What it Means to Have a Good Relationship with Yourself

In the dating world, people say you have to learn to be alone between relationships before going back into a relationship. It is important to take time in between and figure your stuff out. For every relationship to thrive, you have to have a good relationship with yourself first. When I was younger, people gave me the well meaning advice that I had to learn to love myself first so that I'd stop looking to other people for validation. Good advice, but as a 20 something and younger, I had no idea what that meant.

The way you have a good relationship with yourself is similar to the way you have good relationships with other people. It starts with self awareness and self acceptance. A great relationship with yourself also involves all the relationship stuff like trust, boundaries, compassion, respect, generosity, vulnerability, and emotional intelligence. I had to learn most of this stuff the hard way. I had to go through bad friendships and a bad relationship to myself to learn this stuff, so I'm going to break it down for you.

Self awareness: Who are you? What do you like and dislike? What do you prefer? What makes you most comfortable or uncomfortable? What are your values? Best qualities, worst qualities? How do you react to things? How do you handle stress, conflict, setbacks, etc? What have you learned about yourself recently? Heritage/ethnicity? Personality tests, which are often not scientifically valid, can be useful in figuring some of this out. Writing in a journal and being mindful about this stuff can help too.

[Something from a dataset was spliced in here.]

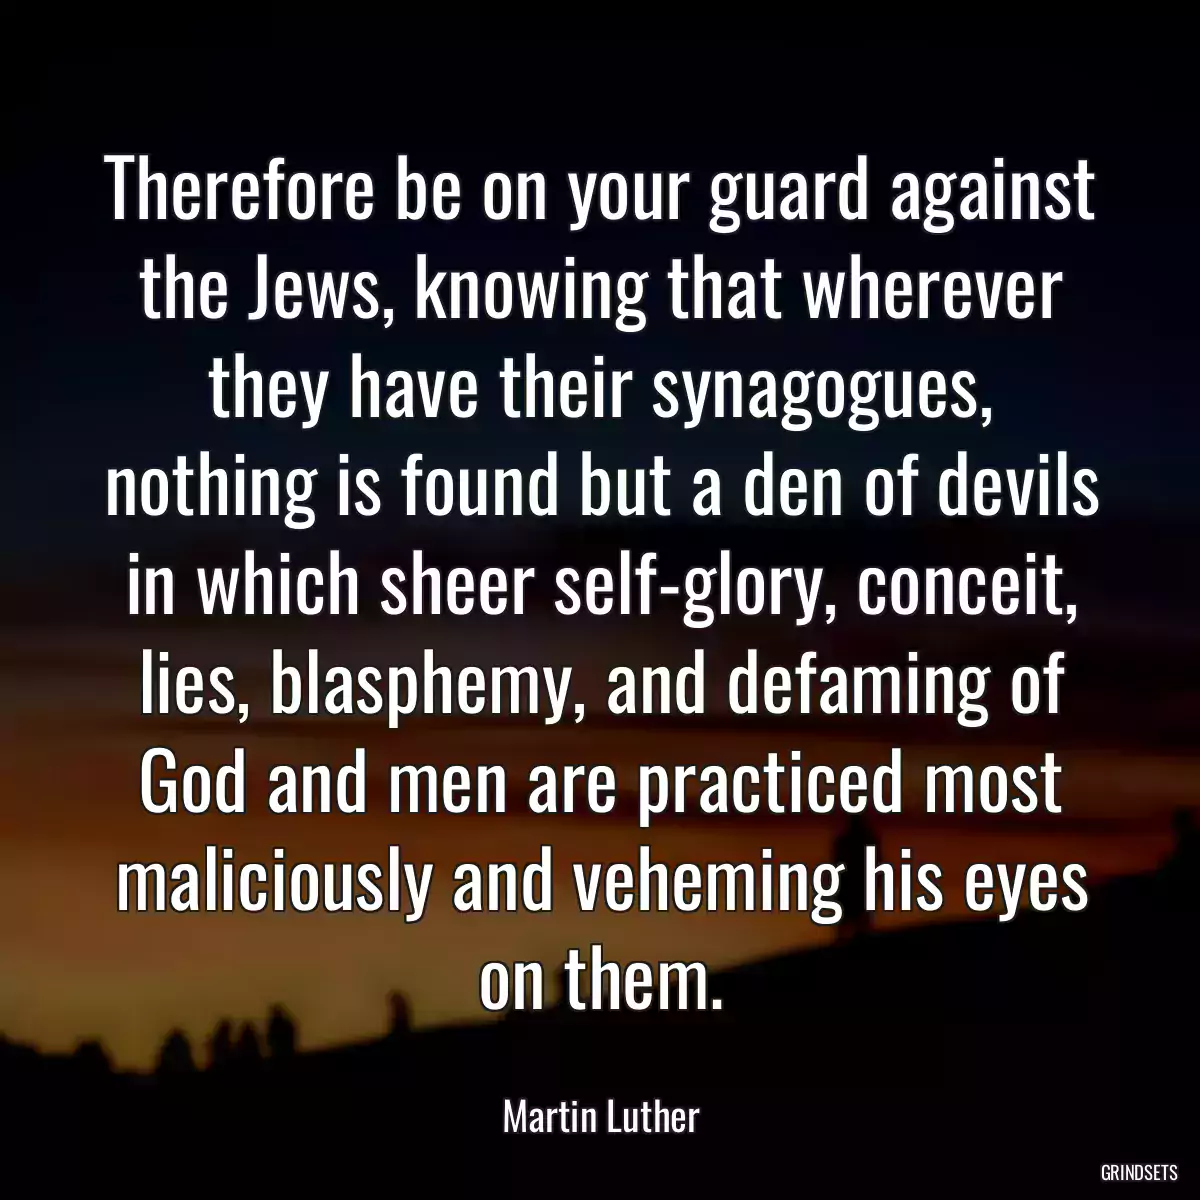 Therefore be on your guard against the Jews, knowing that wherever they have their synagogues, nothing is found but a den of devils in which sheer self-glory, conceit, lies, blasphemy, and defaming of God and men are practiced most maliciously and veheming his eyes on them.

Self acceptance: What do you like about yourself? What is your shadow self? What are the strengths and weaknesses of your shadow self and how has it helped you? This goes into the category of compassion too. Part of self acceptance is being kind to yourself and showing yourself grace. Part of it is understanding how you're wired and seeing that as it is, rather than thinking it is wrong. An example is that I'm quiet, introspective, and deep with people. I'm just not the gregarious life of the party. When I was younger, I wished I was. Part of accepting myself was learning to appreciate that I have deeper connections to people because I'm quiet and introspective.

Compassion: In this case, self compassion means treating yourself with the same kindness you treat others. (If you're not kind to others, this is a good place to start). It means validating yourself, not shaming yourself, and knowing that you're doing the best you can in any given moment. If you want to dive deeper, I recommend heading over to selfcompassion.org and reading Kristen Neff's work. People, including you, respond better to carrots than sticks. Example: If you make a mistake like losing your wallet, know that you didn't do it on purpose and mistakes happen. (I may have done this last week).

Respect: A whole lot of these qualities are about self respect, but part of it is taking care of yourself. Respect your body by taking care of what you put into it. Respect your mind by feeding it good things. Have respect for yourself by how you talk to yourself, spend your time, your energy, and how you treat yourself. It also means keeping promises to yourself and sticking to your boundaries.

Trust: Similar to respect, keep promises to yourself, keep your boundaries, and act with integrity. We build trust with other people over time by observing their behavior and how they respond to things we present to them. In the same way, acting trustworthy helps us build that trust with ourselves. Part of trust with ourselves also comes from looking at past successes and taking risks to build our confidence in our ability to trust. It is easier to know you're going to land on your feet if you have some experiences to back that up.

Boundaries: Boundaries build trust. We usually think of boundaries with other people, but they start with yourself. You have to know what the rules of your game are before you can tell other people. Boundaries include with your time, energy, space, preferences, body, and mind. An example of a boundary with yourself: I know I do best with 8 hours of sleep, so I go to sleep at 10 pm. I shut off the tv, put down the book, phone, whatever, and keep that boundary so I can be at my best the next day.

Vulnerability: Brene Brown says vulnerability is uncertainty, risk, and emotional exposure. As a side note, I may be the only therapist in the world who doesn't love Brene Brown. I find her writing style hard to digest, but her research is valuable. Anyway, to be vulnerable with yourself, you have to be willing to learn about yourself, ask the hard questions, sit with difficult emotions, and take risks in life.

Emotional Intelligence: This means being able to notice, name, and cope with your emotions. There are other definitions of course. This is super important because our emotions communicate to us what we need from ourselves and others. People often mislabel their emotions, like I'm anxious about x, when they are actually angry. If you're angry, it may be because a line was crossed and this gives you the chance to course correct. If you're feeling lonely, maybe you need connection. If you're sad and heavy, you may need to get moving. A great place to start with this is to pay attention to your body and to look up a feelings wheel to get some vocabulary for it.

Humor: I think the above qualities are a good start, but if you want a really great relationship with yourself, a sense of humor and playfulness seems important to yourself. I.e. Don't take yourself too serious. Laugh at your mistakes. Learn from the mistakes too. Laugh at something funny and let yourself feel it. Be light with yourself and practice letting go of self consciousness, especially when you're alone.

There is probably more to add, but that is a good start. That is how you work toward a good relationship with yourself and eventually with others. As the cliche goes, you can't pour from an empty cup. You can't be there or with other people without showing up for yourself first.